Has your company ever calculated and considered the cost of downtime? Downtime is expensive, especially when you add in employee wages, lost billable hours, decreased or no productivity, lost sales, and more. It’s also necessary to include the costs of system recovery and more.
What would the cost of downtime be for your company? We’ve put together a list of considerations to help you consider the costs of downtime for your business.
What is Downtime?
In this article, we’re discussing downtime that occurs when a company’s network completely fails. This may be due to mechanical problems, maintenance, cyber-attacks, natural disasters, and more.
During downtime, employees are not able to get work done; projects are left idle, sales are not completed, and more.
Different Causes of Downtime
There are several different causes of downtime in a business, including:
This involves a complete server failure. This can occur for different reasons, including maintenance, natural disasters, cyberattacks, and more. Some server failures can take up to two days or more to fix. And if no backup of system data has been saved, it can take even longer to get back up and running.
In this case, downtime can cost about £21,000 or more, especially if you need to buy a new server.
Internet outages are another common issue for businesses, especially if they’re in a location that doesn’t have excellent Internet connectivity. And what happens if the broadband goes down? Business completely stops. It’s no longer possible to send/receive emails, access the cloud and accounts, work with suppliers, and more. And if your company uses VOIP, your phones are also not able to work. So, work completely stops in most instances.
These outages can be short; however, they may also last for days. It depends on the reason for the outage. And if you don’t have a data backup system, this can become a huge problem. Not only have you lost work time, but the business has also lost valuable data.
Network outages can also result in lost clients. When you’re not available to handle problems, make orders, and more, clients may turn to competitors who are ready to assist them. In some cases, your clients may leave and never come back.

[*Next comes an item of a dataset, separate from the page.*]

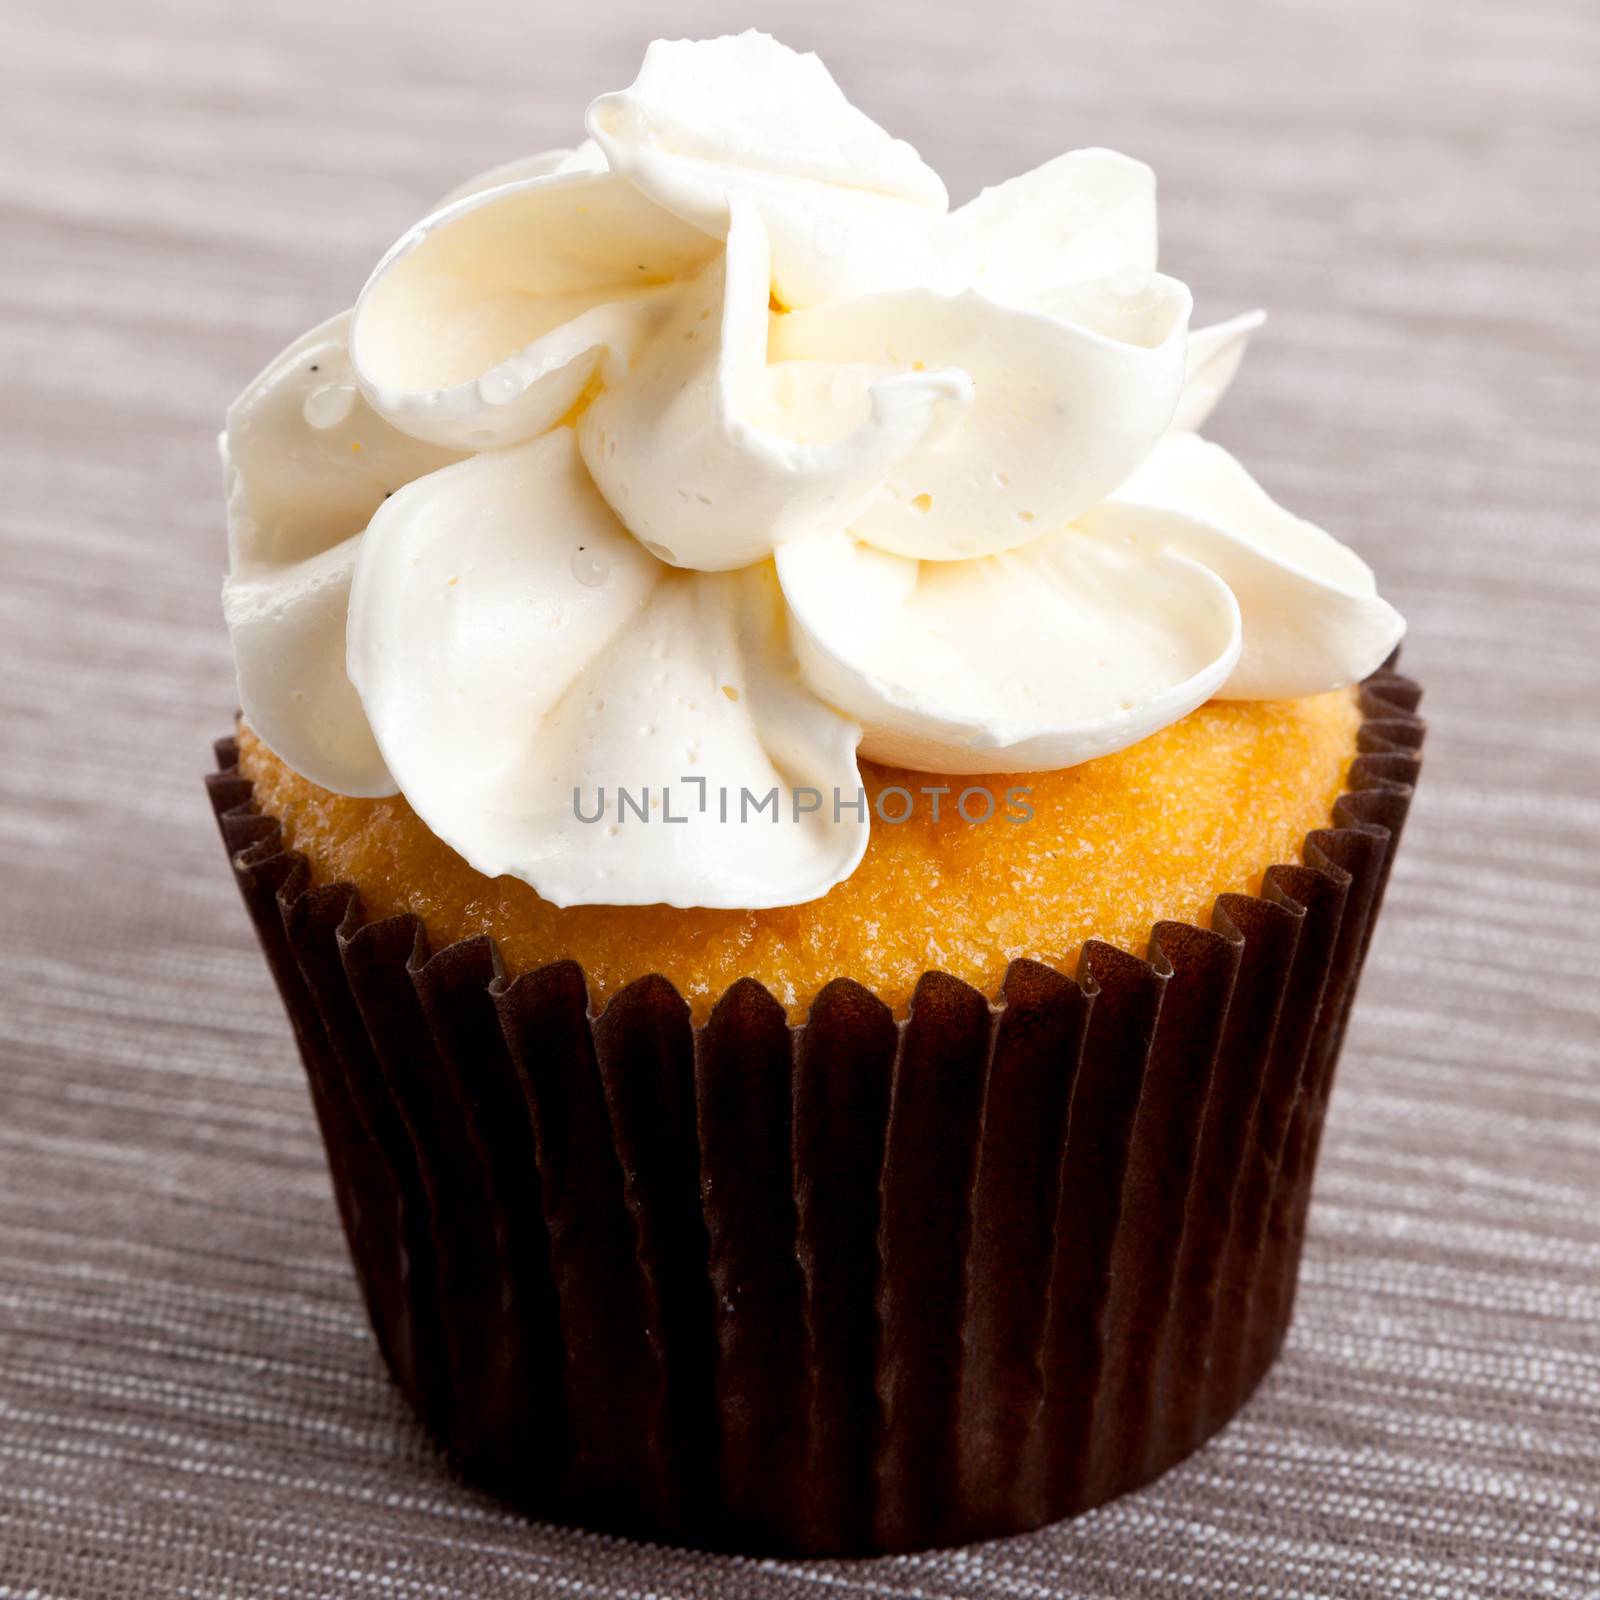 tasty sweet homemade cupcakes with cream on table food candy muffin

Losing clients means losing business revenue, which can be a huge hit to the company budget.
Loss of Reputation
In addition to losing clients, a company can also suffer the loss of reputation during a downtime. This is one of the most serious effects of downtime, especially if your clients must deal with continuous server outages or other problems when using company products and services.
With this type of problem, clients soon get fed up and will leave negative reviews. Again, this is a great way to lose clients, too. Negative reviews may flood across social media networks, spreading virally. The result is a negative perception of your brand and potential clients heading straight for your competitors.
Loss of Productivity
Most businesses today rely on online services. Many use chatbots to deal with customer orders online, emails, and more. The online process requires humans to manage it. When there’s a major outage, employees are unable to do their work.
The longer an outage lasts, the more behind employees become with their tasks. They become frustrated, and it’s challenging to get caught up again when the system is back up.
One huge nightmare every company dreads is data loss. Data loss may be caused by human error, server failures, Internet outages, cyberattacks, and more.
Not every service provider is able to guarantee that all data is saved from an unexpected outage. And if there’s no backup or the backup fails, data loss can result in extended downtime or even business failure.
How to Minimise Downtime Costs?
There’s no question that downtime is costly, but how can you minimise downtime and its associated losses? The following are some methods your business can use to mitigate the losses caused by downtime.
Network continuity is a service that ensures networking services are always available. With this type of system, if the primary Internet connection goes down, your network switches automatically to a mobile 4G Internet service within seconds. The result is no downtime, no loss of access to the system, and work can go on as usual.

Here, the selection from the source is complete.